The former rugby star says that though he prayed to God before a game, he also made it a point to play his heart out
The word extraordinary isn’t the best word to describe former rugby star Hisham Abdeen. The ideal word for that is ‘legend’. Even now Abdeen commands the respect of both players and rugby administrators. At present, he is a member of the national rugby selection committee and is actively involved in making contributions to the game which made him a household name in the sports scene.
He speaks fondly of the times when the game was possibly the most popular discipline in an island which is now so obsessed with cricket. “The stands were packed during domestic matches and Havelocks Sports Club could accommodate 10,000 spectators at matches,” is how Abdeen began an interview with Nation. “Without spectators there is no rugby. Without good rugby there are no spectators,” reflected Abdeen.
Many believe he was God’s gift to rugby. Abdeen acknowledged the fact that he did pray to God before matches. But he was quick to point out that despite the talent he had, he made it a point to play his heart out. “I never had an off-day on the field,” said the third row forward.
He was a genius on the rugby field. Experts have best described Abdeen as a player who had an acute sense for tries. As a schoolboy, during his last season for Isipathana College, he scored 25 tries. He was a try scoring machine and the dream player any coach could have in the starting line-up. “My coaches allowed me to play my natural game. However, I made it a point to be a team man. I have played as hooker, second row, scrum half, prop forward, full back, centre and full back when the need arose. I was a utility player and also a fitness fanatic,” said Abdeen who now runs his own rugby academy.
He stood out not only because of the skills he displayed on the field. He was a super human being and a player who didn’t have any attitude. If a spectator waved at him during a match he would respond. “After all, those spectators came to see me playing and why not acknowledge their presence,” asked Abdeen. For the record, he was voted as the most popular rugby player on more than five occasions.
As a selector, he observes that the islanders have made great improvement in the sevens version of the game. “Players in all age groups including the seniors have improved. The players are bigger now. But I must caution them that getting too big would have its negative effects. Then you will have to work extra hard on the field. One needs to be mobile on the field,” he said adding that it is okay to see 100 kg players on the field today.

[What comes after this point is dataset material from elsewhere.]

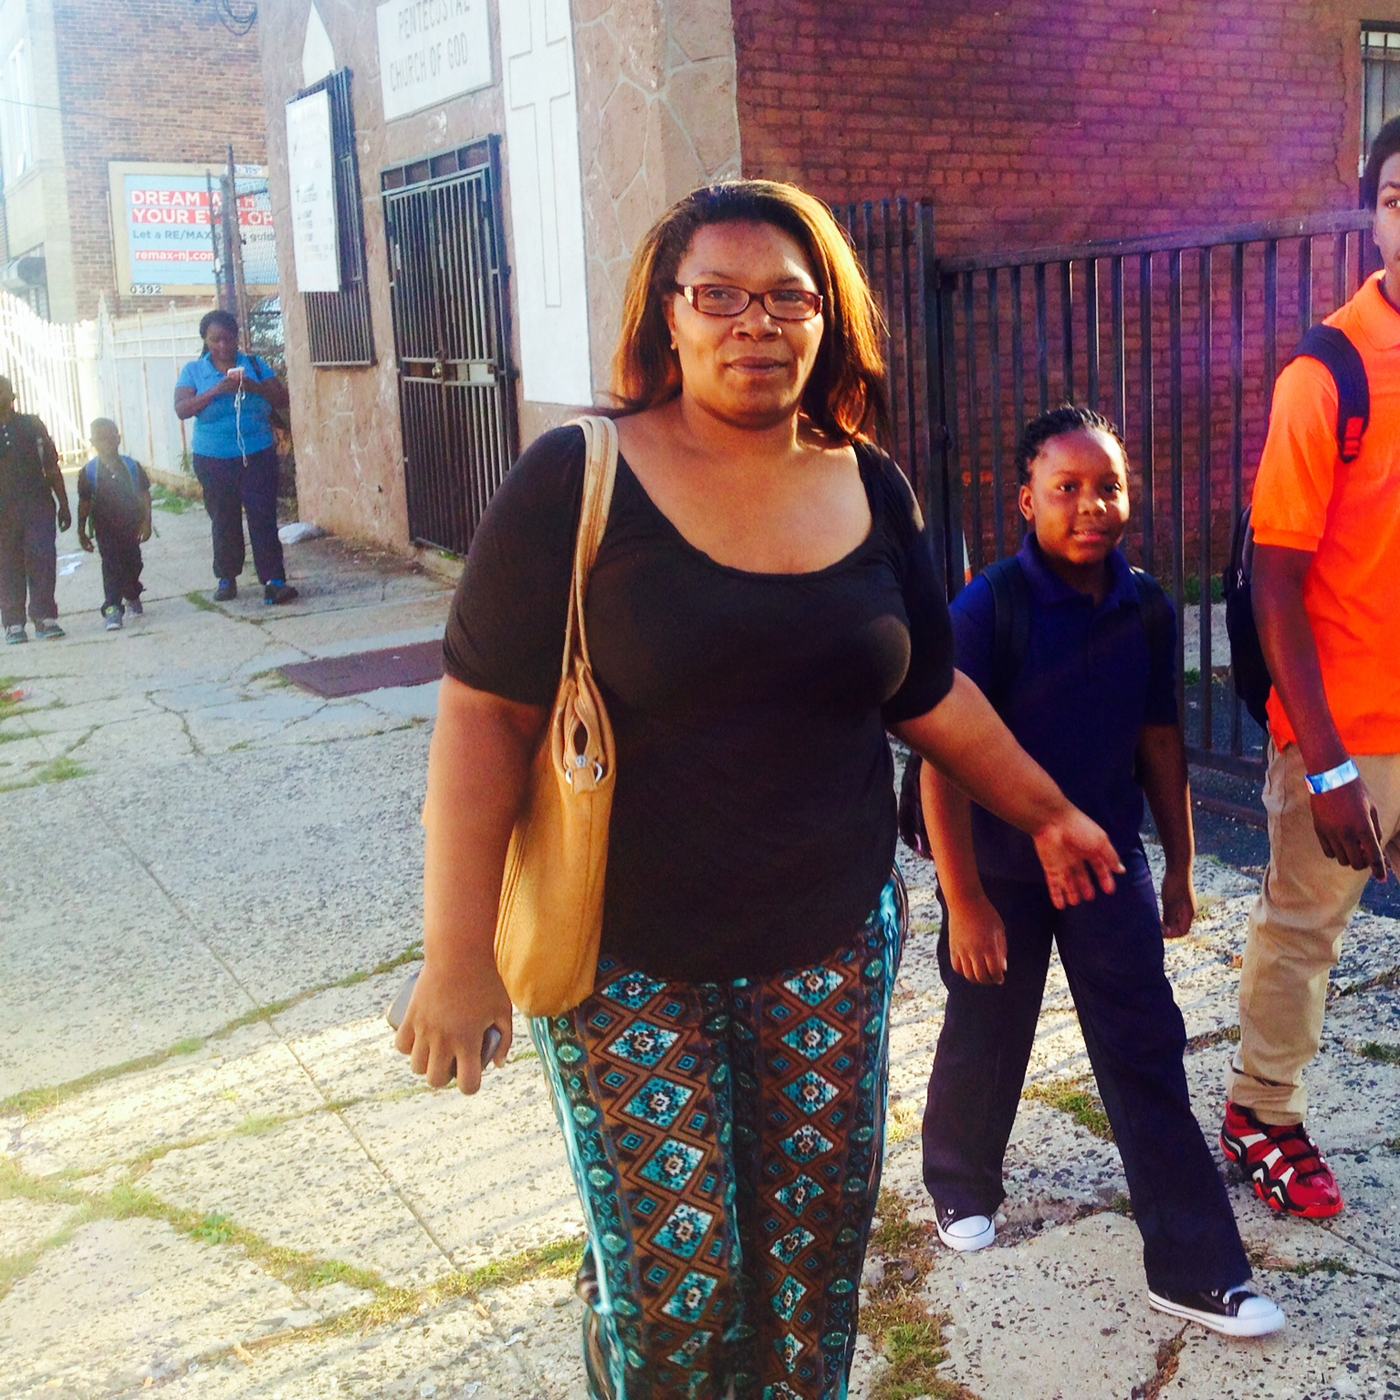 First Day in Newark: Nearly Empty School Buses, Parents Ignoring
Assignments

He recalled, in between laughs, how he insisted on his plate of rice before practice or a game of rugby. “I just had to have a full plate of rice or otherwise I had no energy to play rugby,” he said.

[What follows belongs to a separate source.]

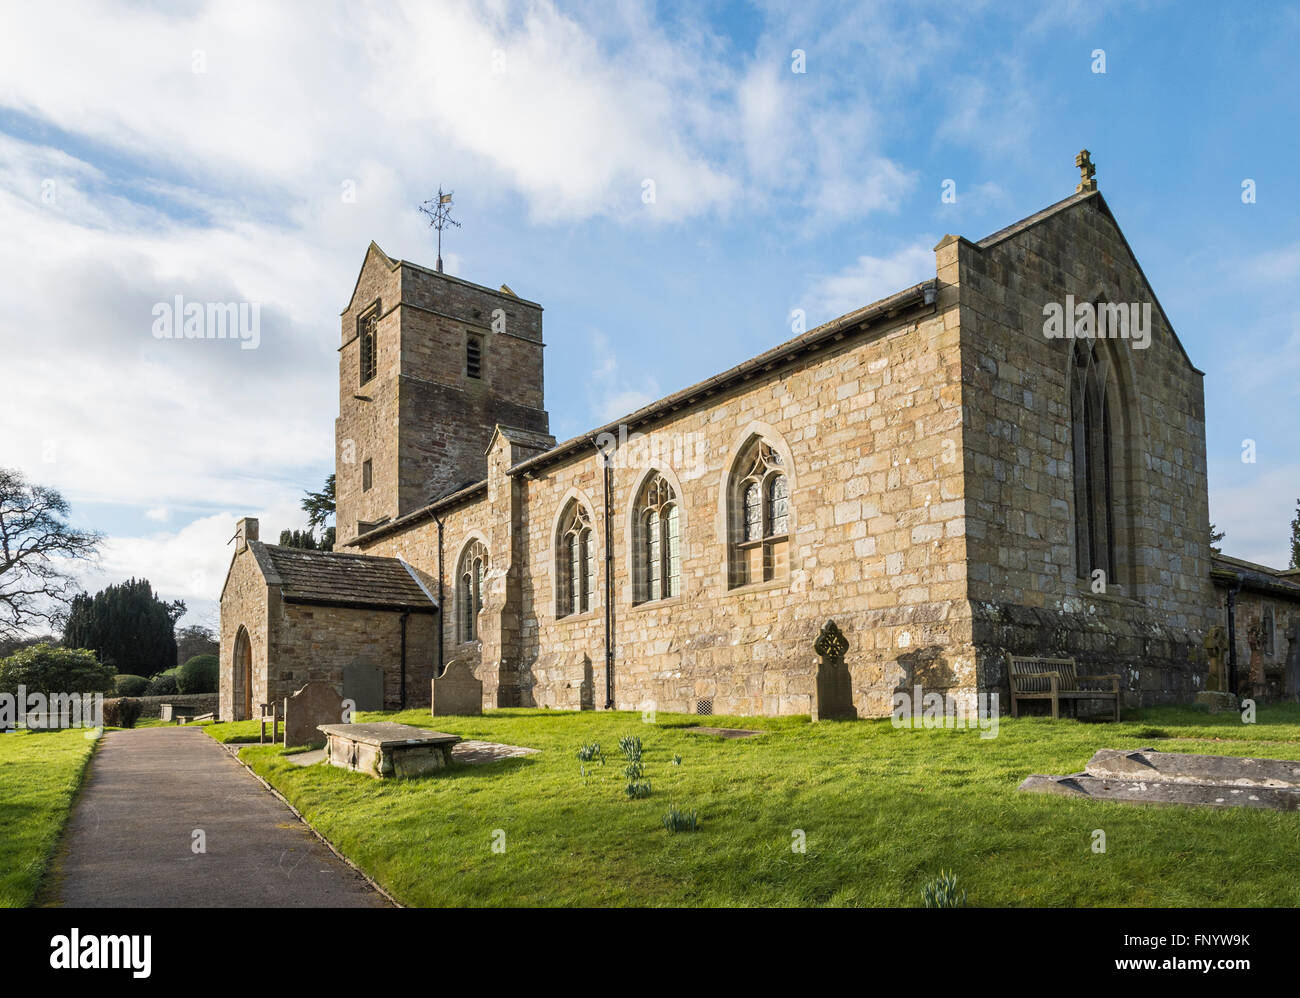 St James the Less church in the Lune valley hamlet of Tatham Stock Photo
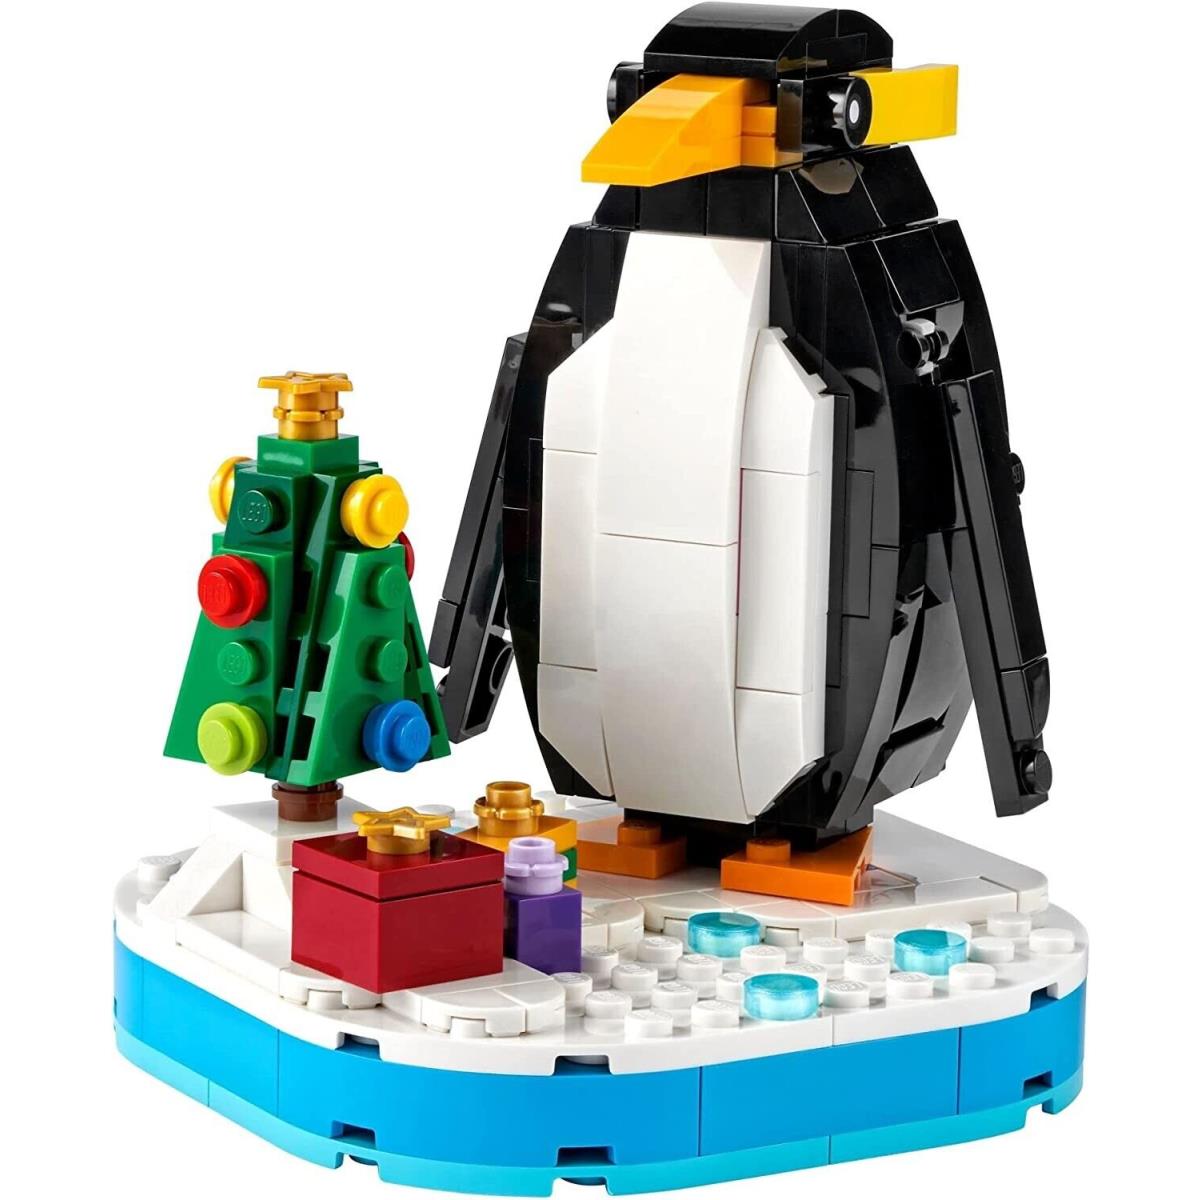 Lego 40498 Christmas Holidays Set Penguin with Tree Rare 244 Piece Toy For Kids

Does like the rugby that’s played at present? Abdeen says that the rugby witnessed now is predictable. “There is little excitement unlike my time. Today they talk about a game plan all the time. You must have a game plan alright, but players must be encouraged to engage in tactical play. Sometimes your game plan is to execute a line out drive, but what if you lose that line out? You have to be creative in certain situations,” he said.

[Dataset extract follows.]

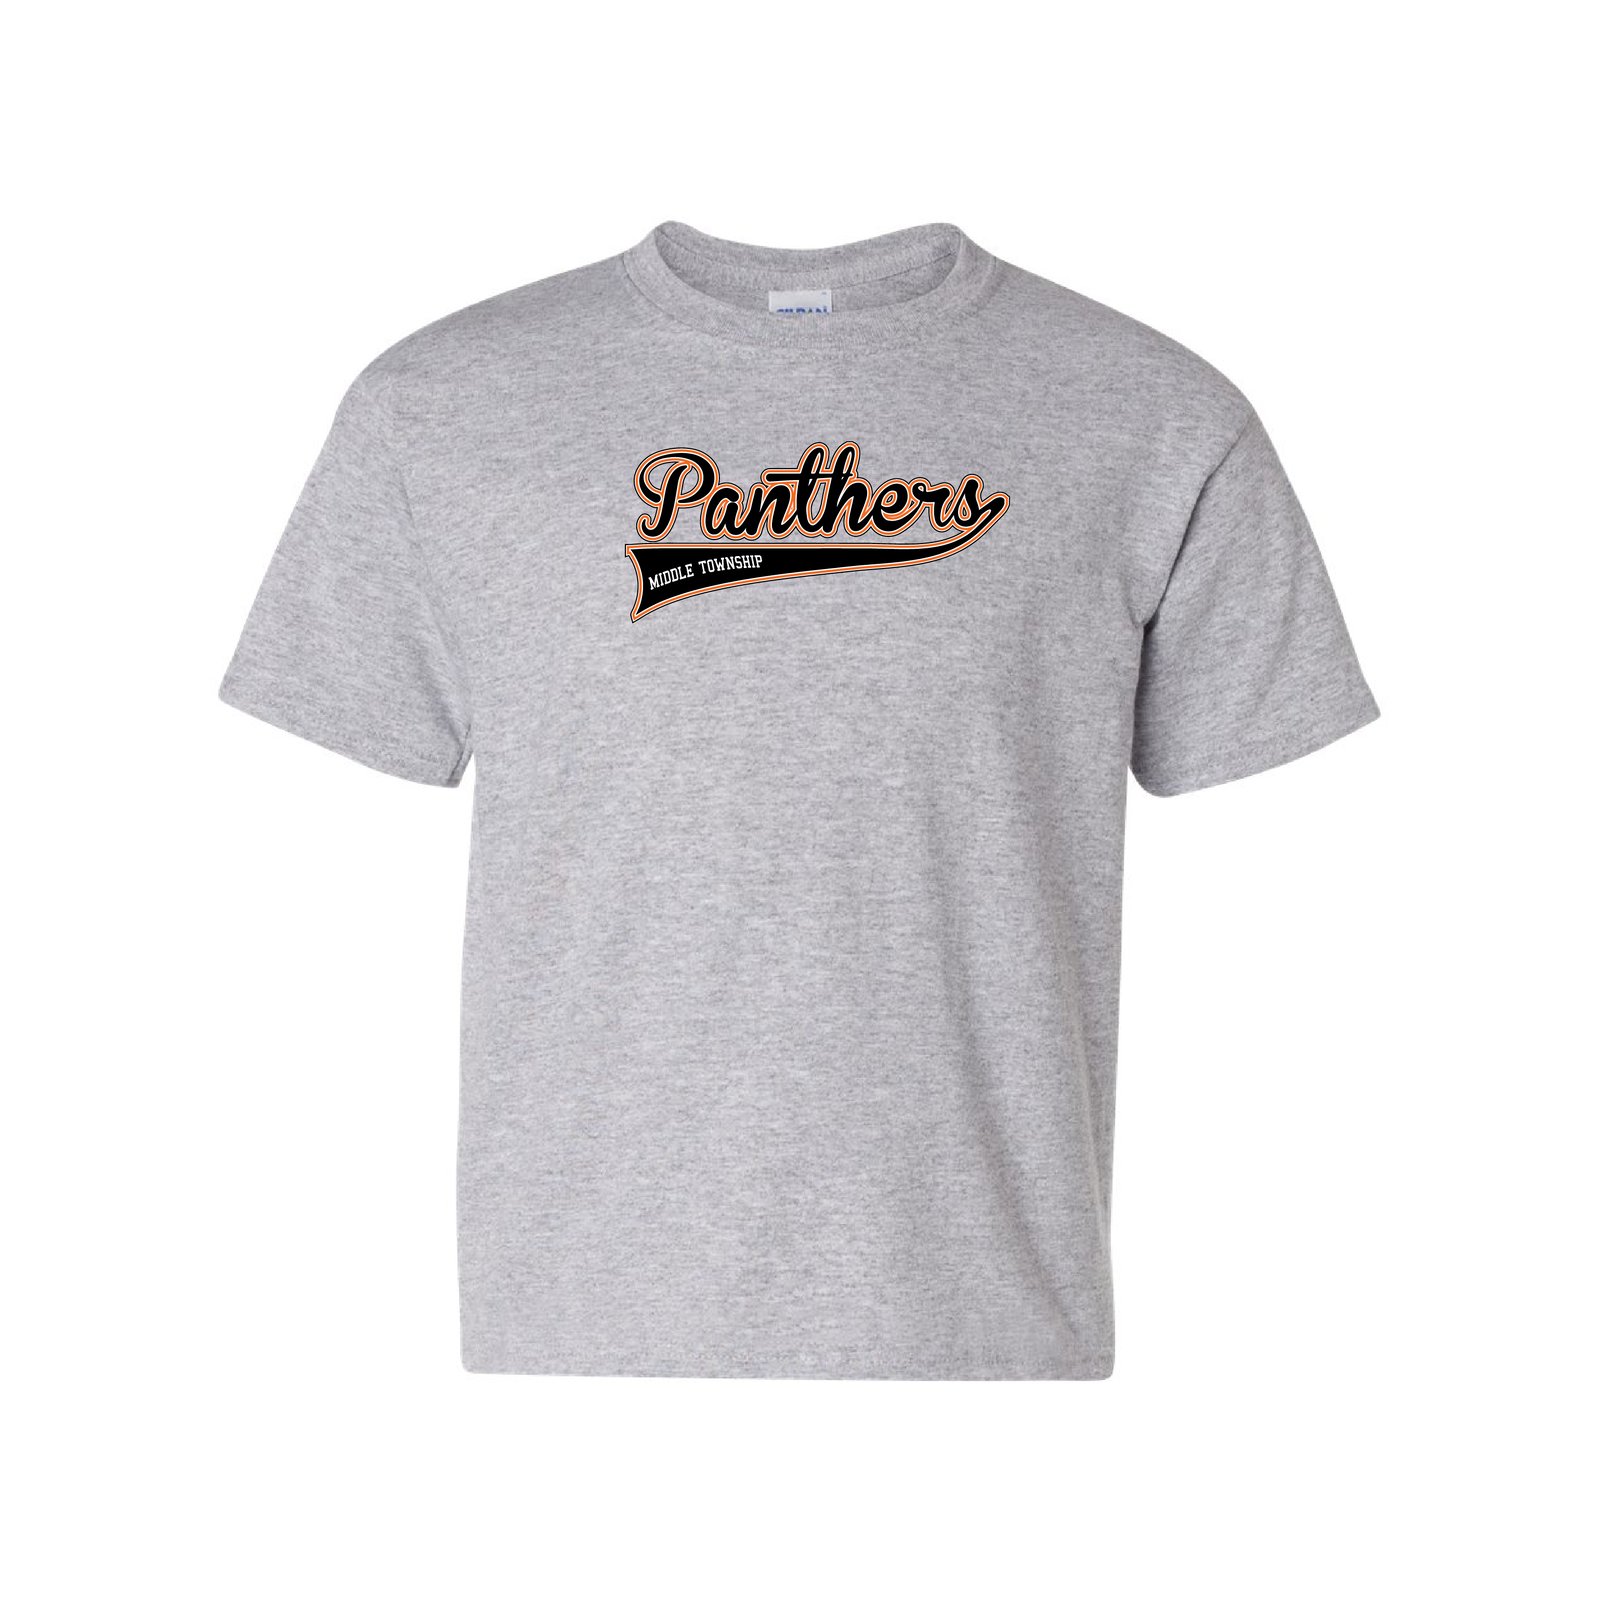 youth panthers t shirt

Abdeen was the star in the 80s and early 90s in the domestic rugby scene. But he took this opportunity to mention the fact that there were legends in the likes of Jeff De Jong, Jeffrey Yu and Frank Hubert at Havelocks playing as regulars when he joined the park club. “I had no option, but to start as a second row forward. Jeffrey Yu then retired and gave his blessings for me take over his place in the third row,” recalled Abdeen.
He doesn’t much fancy the attitude of certain club players who at times make themselves unavailable for national duty. “The biggest thrill came for me when I represented the country. I simply loved wearing the jersey with the elephant symbol,” said Abdeen whose crowning moment in the game came when the team he led at the 1984 Hong Kong Sevens bagged the Bowl Championship.
Memories of his exploits at rugby still linger in our minds. He showed the same enthusiasm to be out there; whether he was the ball career, last line of defense, place kicker or for that matter a marked man. Abdeen knew the game like the lines in the palm of his hand. This is why one journalist dubbed him the bionic man!